[DATA IN THIS EXERCISE Boundary: Start]

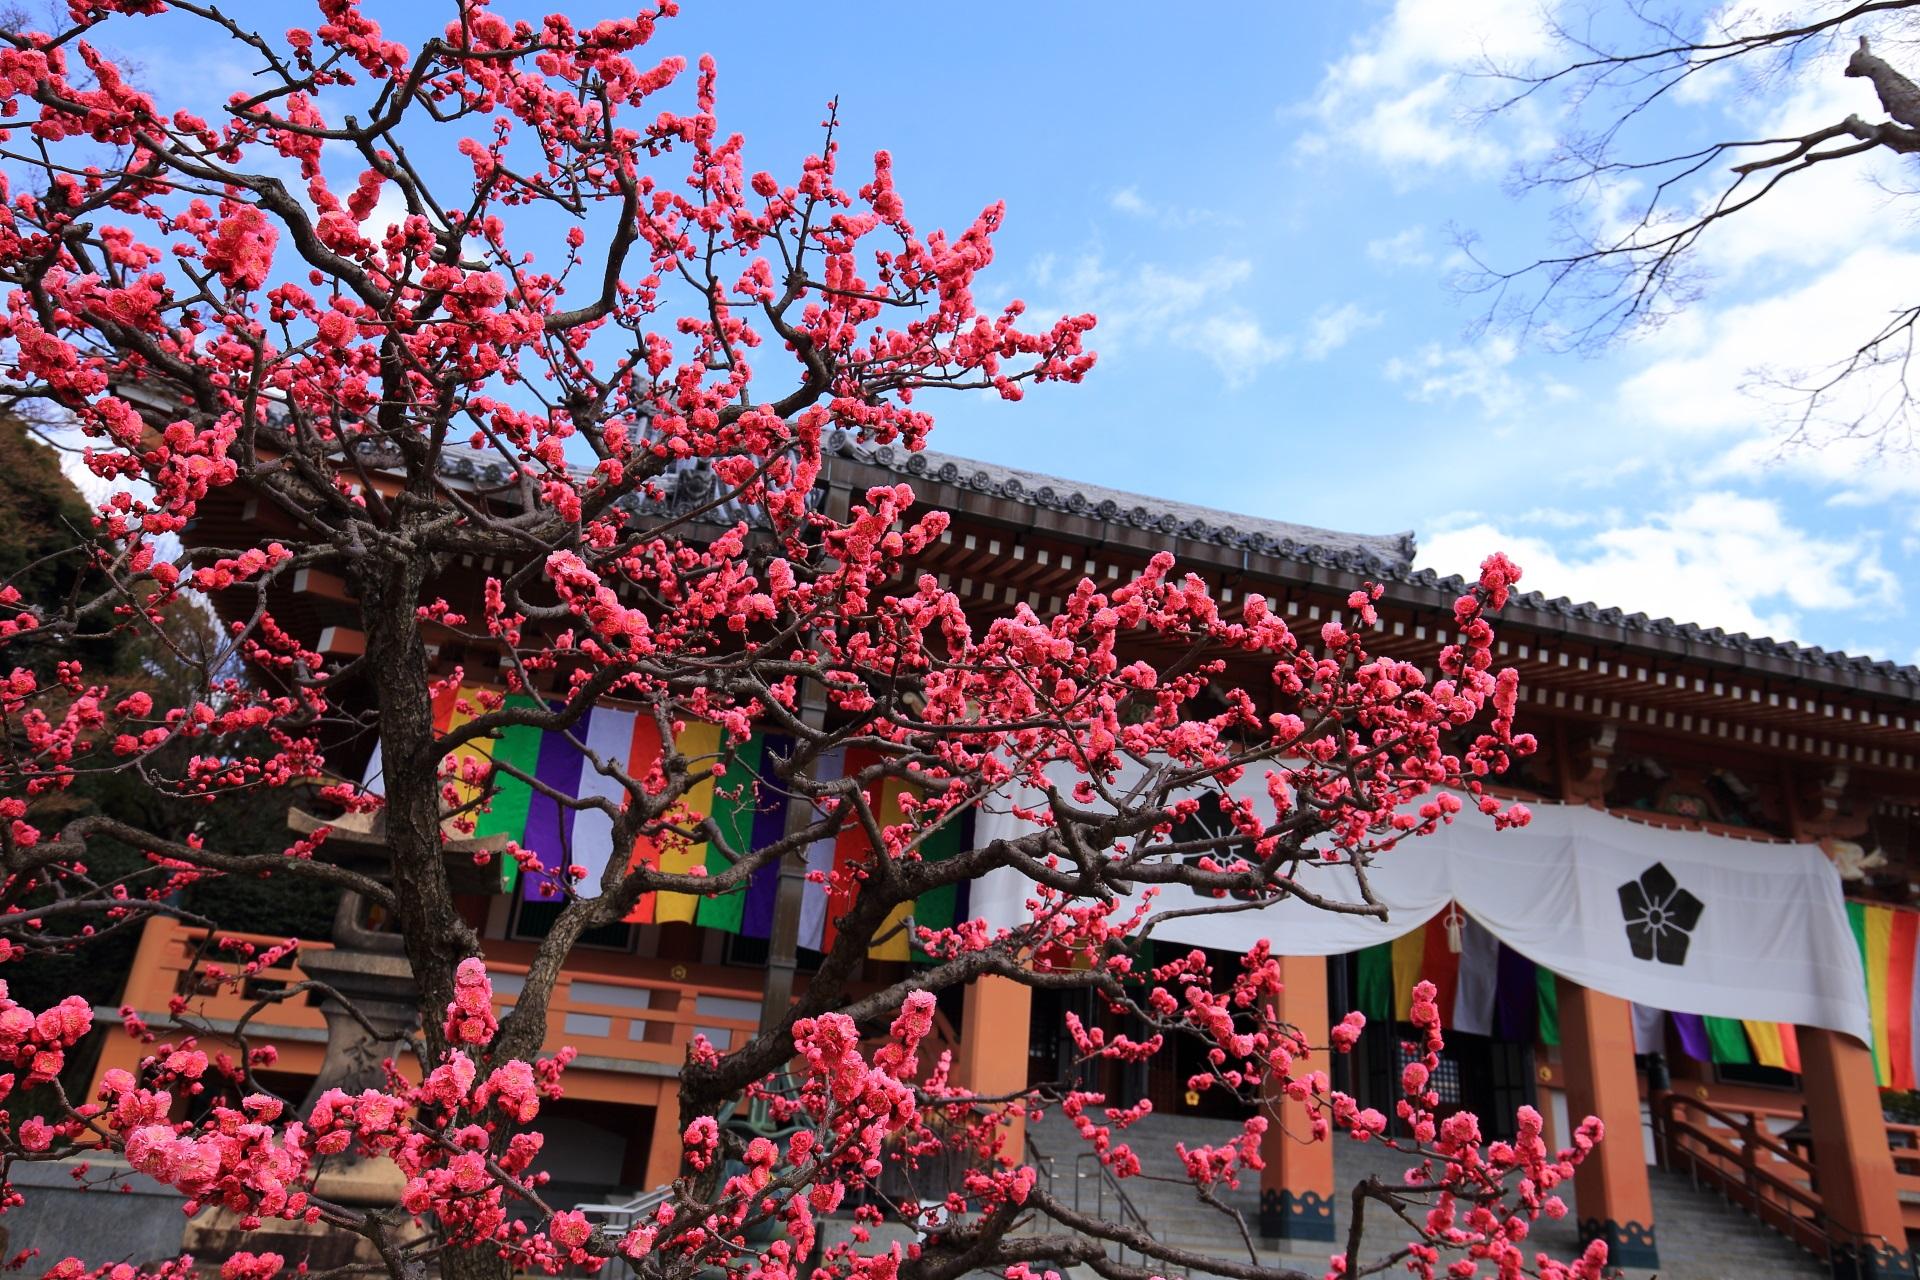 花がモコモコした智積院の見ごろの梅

[DATA IN THIS EXERCISE Boundary: End]
[DATA IN THIS EXERCISE Boundary: Start]

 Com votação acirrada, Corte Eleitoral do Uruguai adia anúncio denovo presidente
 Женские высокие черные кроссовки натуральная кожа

[DATA IN THIS EXERCISE Boundary: End]
[DATA IN THIS EXERCISE Boundary: Start]

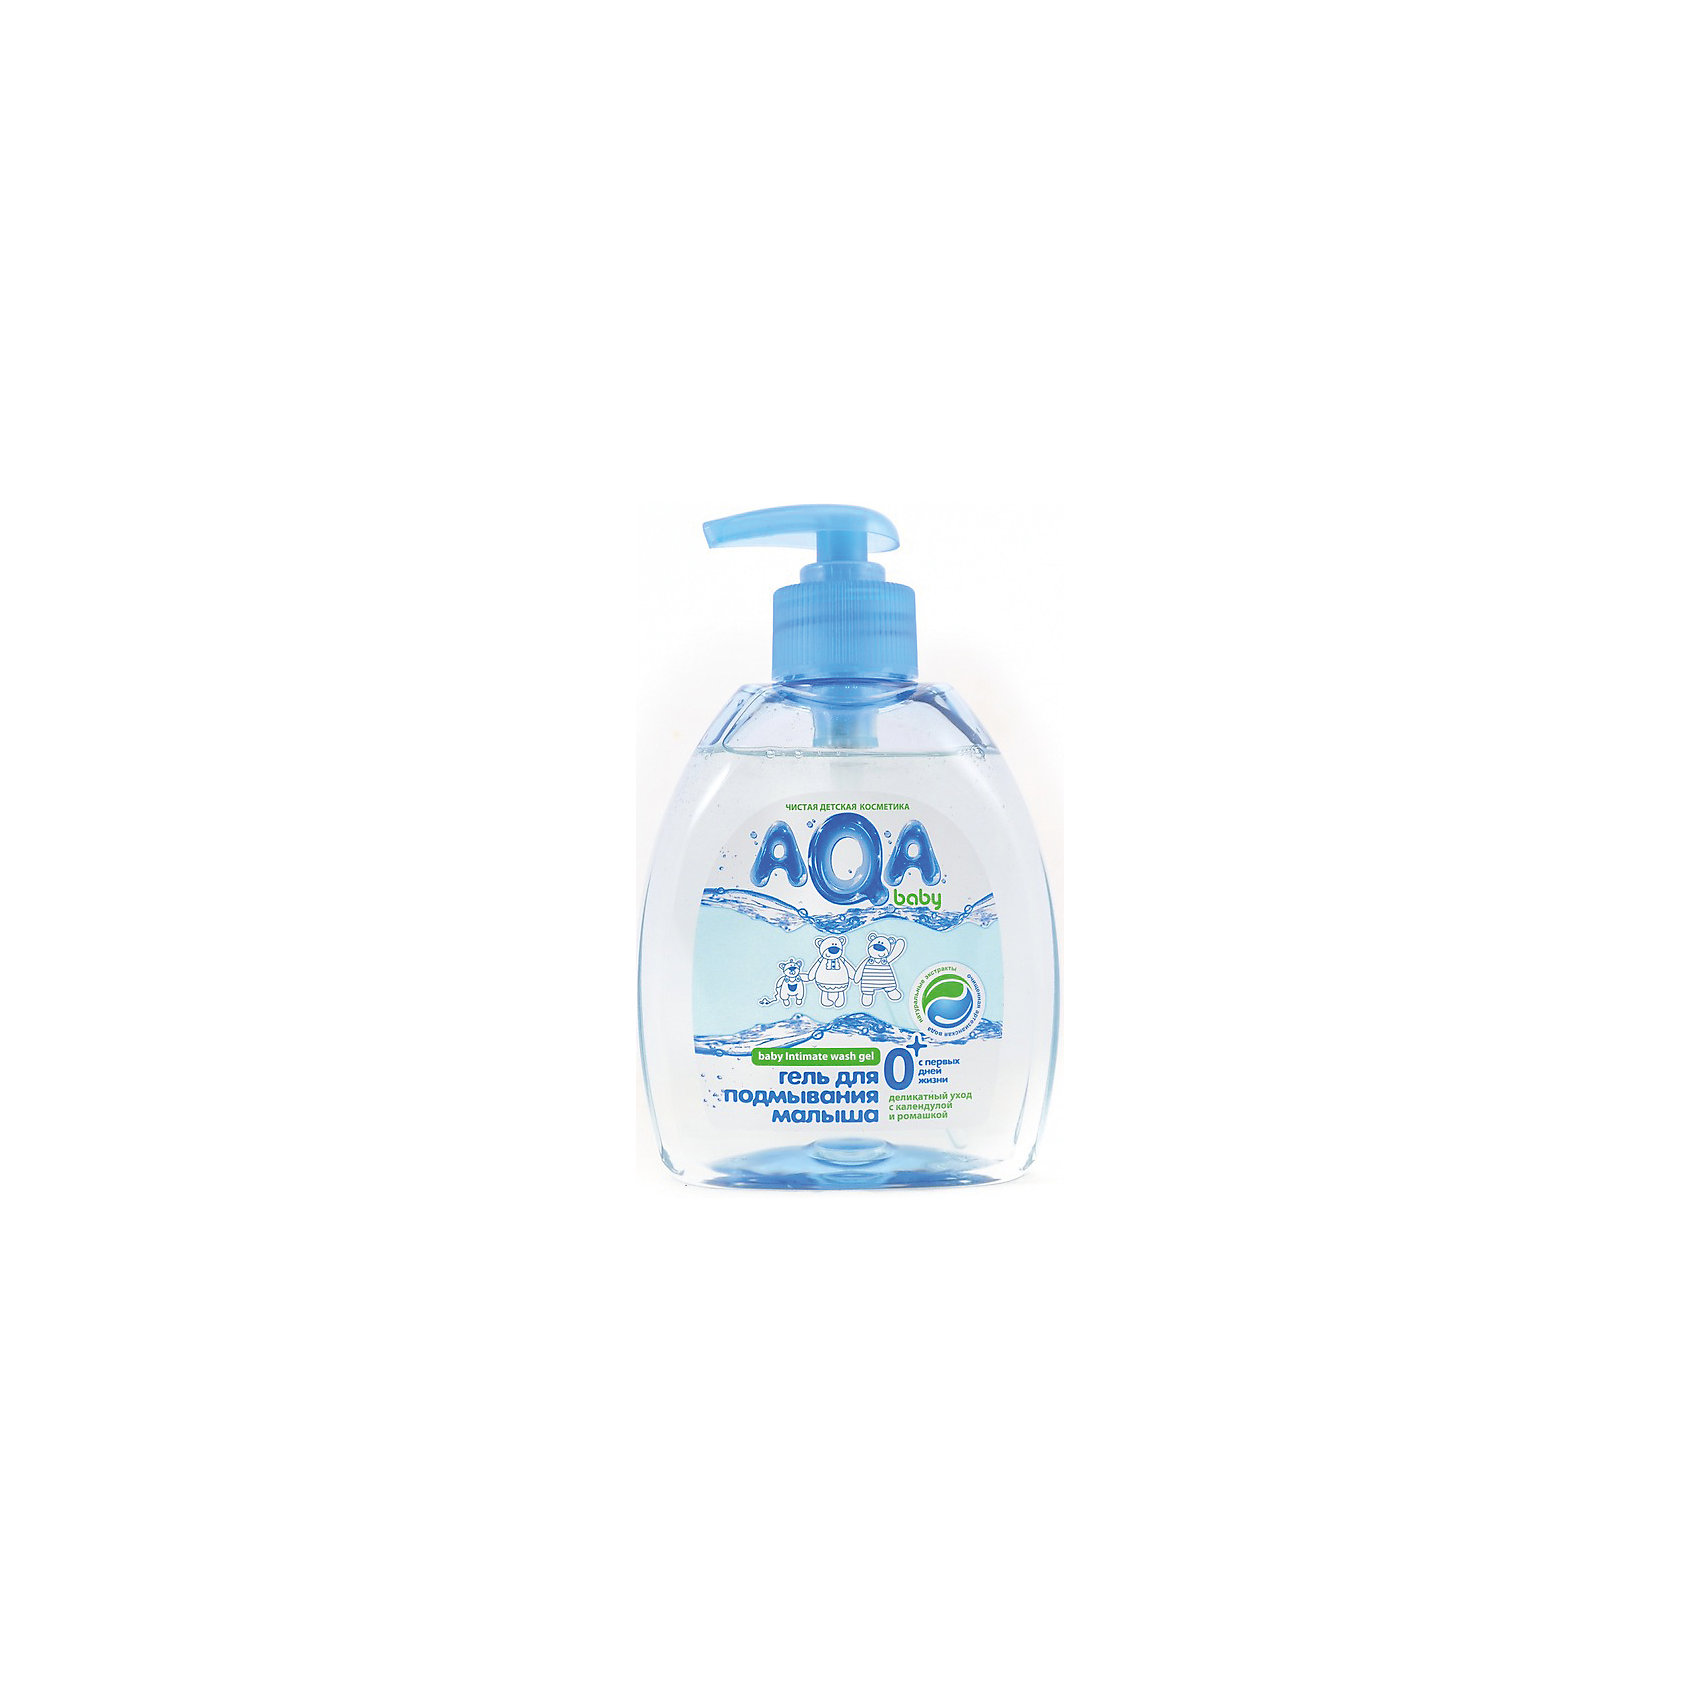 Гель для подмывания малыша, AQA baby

[DATA IN THIS EXERCISE Boundary: End]

• **WHAT YOU WILL DO**: Only the lines above starting at the line that holds "Com votação acirrada, Corte" and ending at the line that holds "Женские высокие черные" are to be repeated, exactly and in full.

• **ANSWER FOR THE TASK**:
 Com votação acirrada, Corte Eleitoral do Uruguai adia anúncio denovo presidente
 Женские высокие черные кроссовки натуральная кожа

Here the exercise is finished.